DESCRIPTION OF THE TASK
Pictures in the records below must be left out. Return exactly the lines from the line with "This heavy blackened" to the line with "Look at these", both included.

EXERCISE MATERIALS
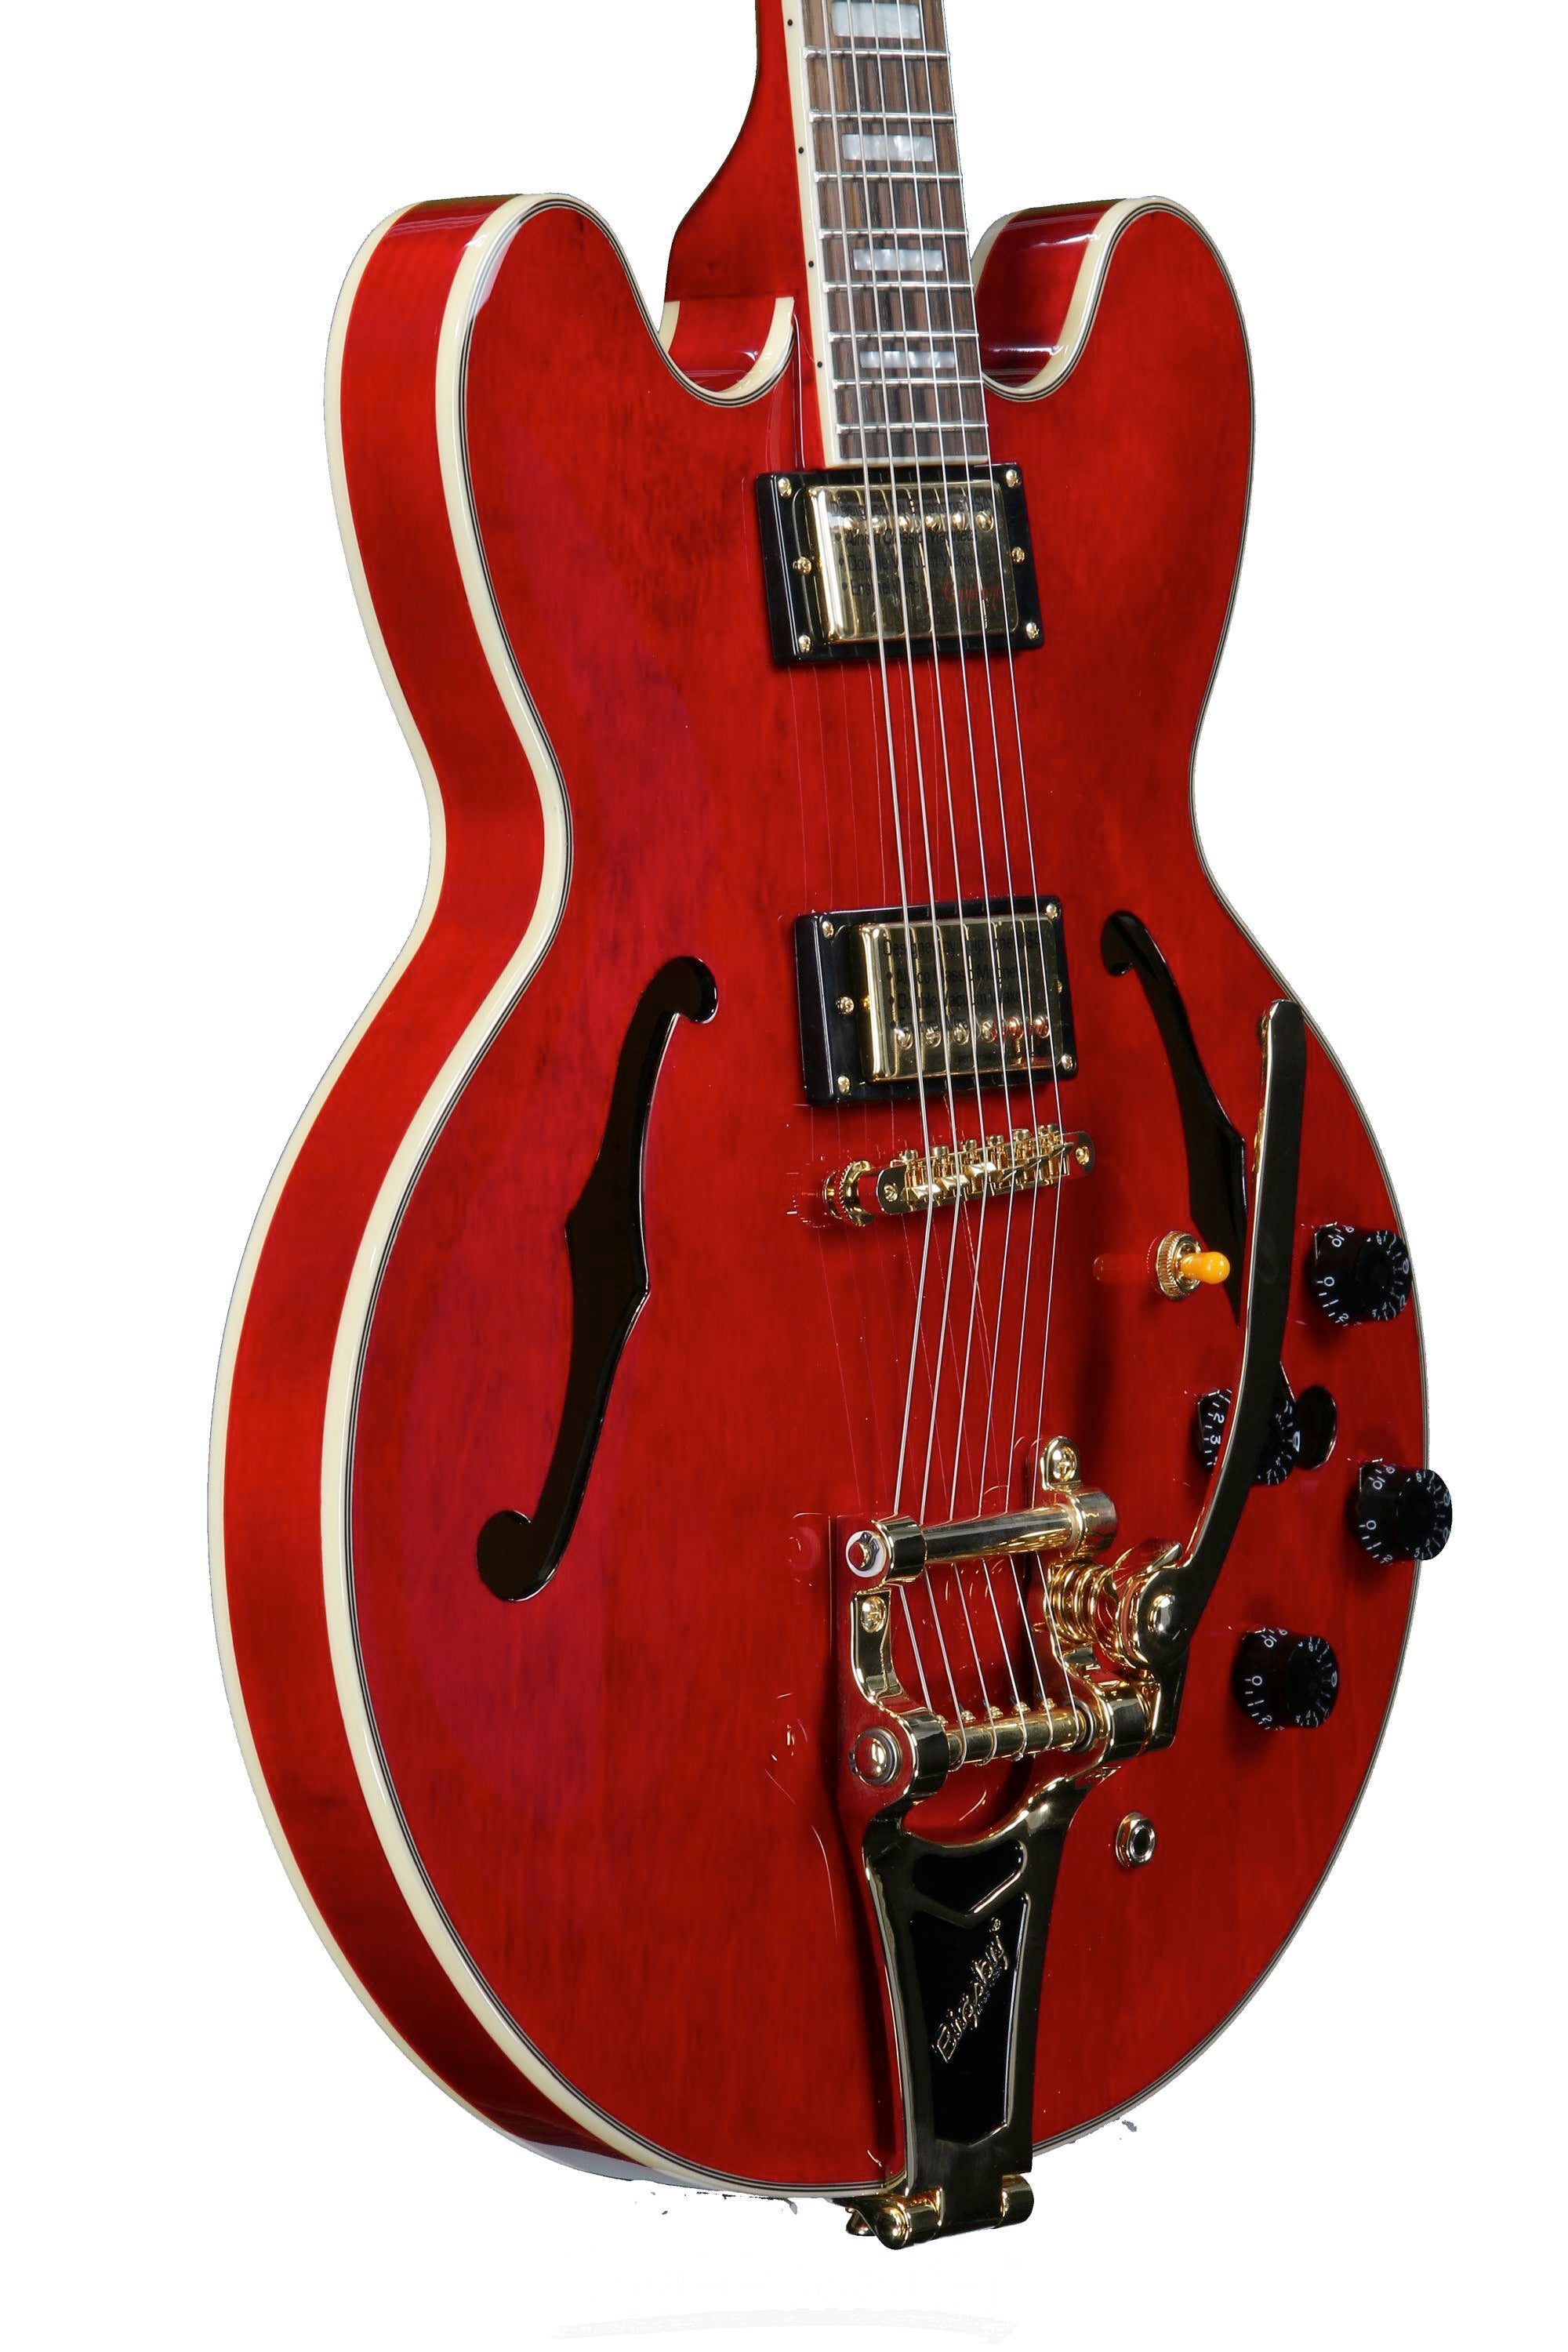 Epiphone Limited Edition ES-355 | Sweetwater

--

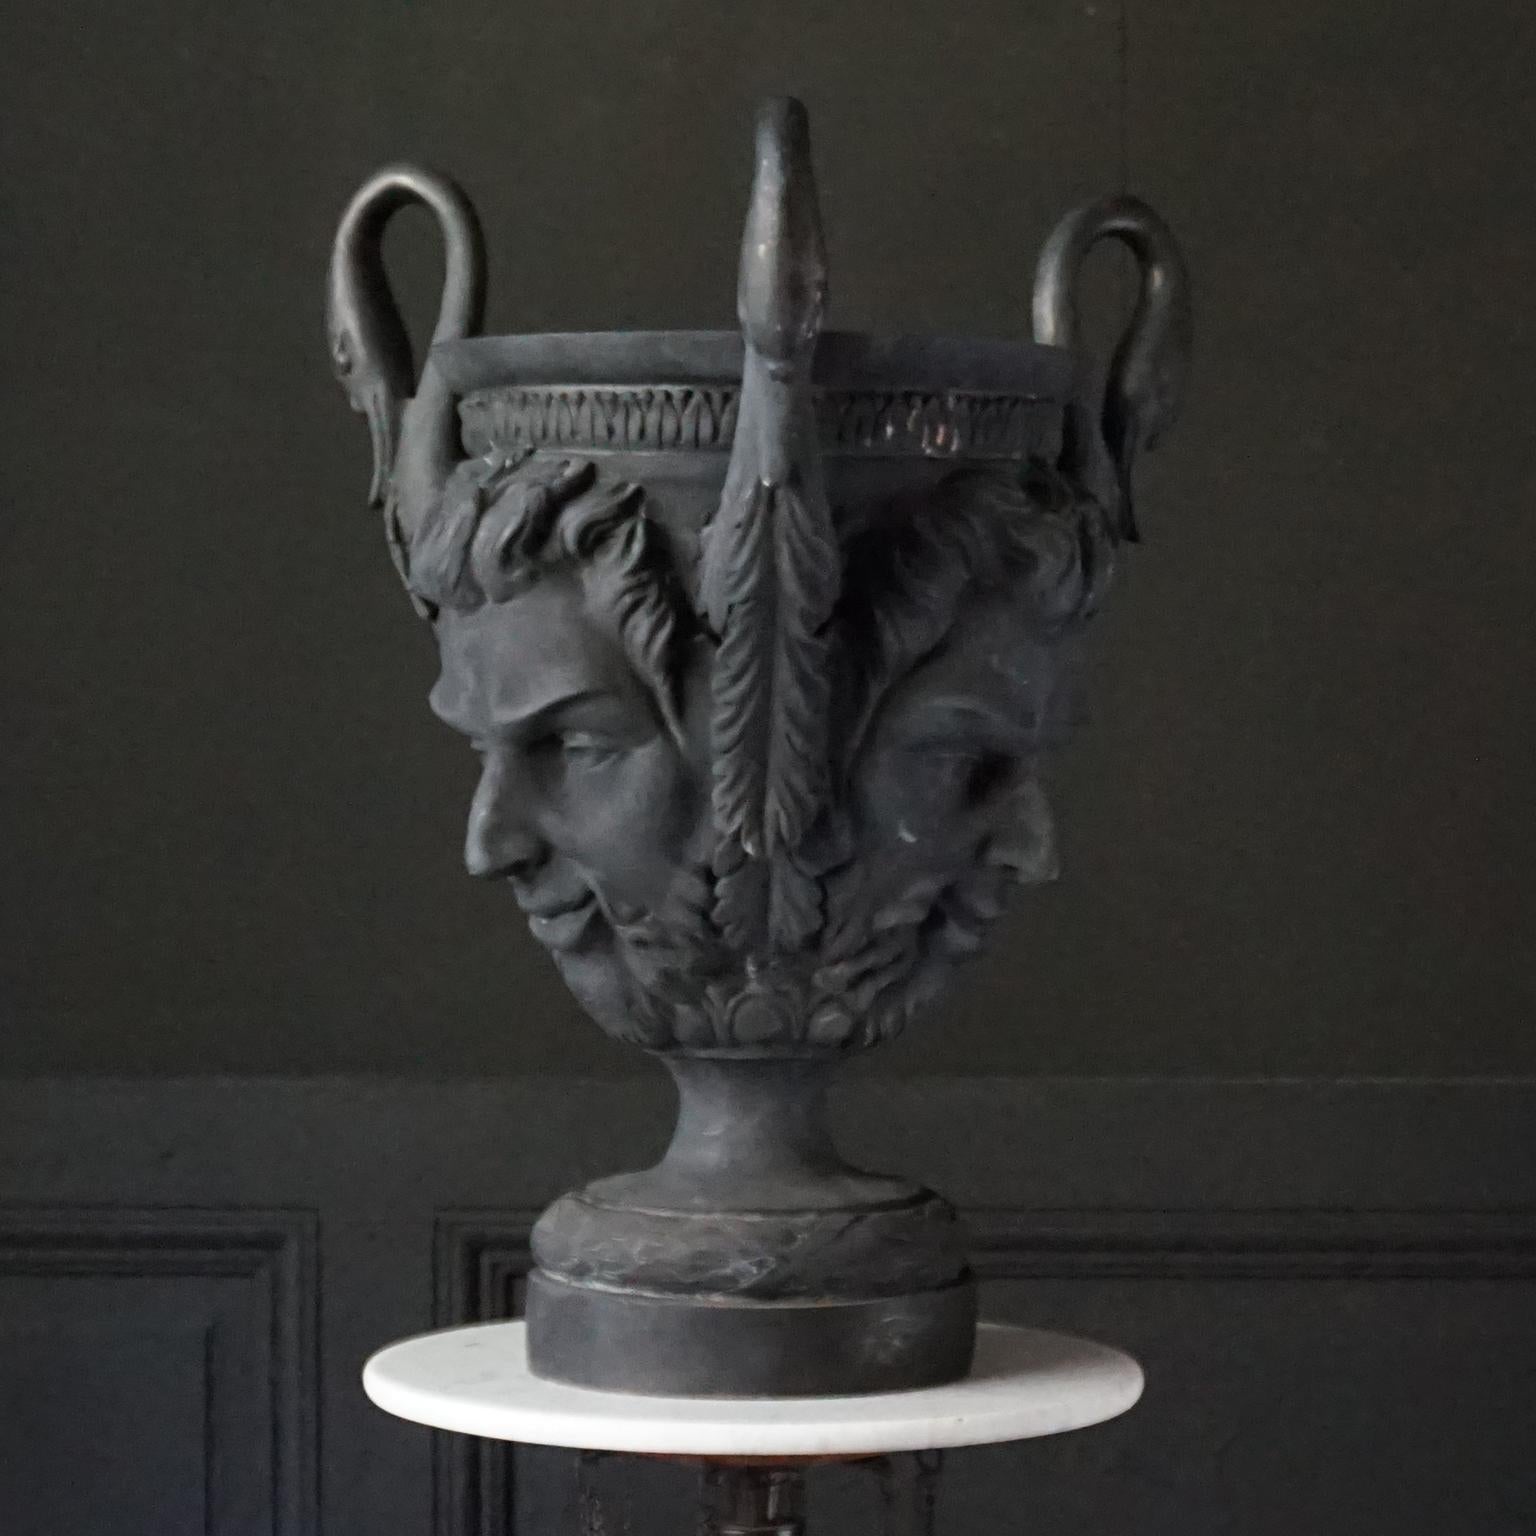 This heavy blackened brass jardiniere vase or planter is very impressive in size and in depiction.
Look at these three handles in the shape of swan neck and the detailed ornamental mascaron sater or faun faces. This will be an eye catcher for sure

EXERCISE ANSWER
 This heavy blackened brass jardiniere vase or planter is very impressive in size and in depiction.
Look at these three handles in the shape of swan neck and the detailed ornamental mascaron sater or faun faces. This will be an eye catcher for sure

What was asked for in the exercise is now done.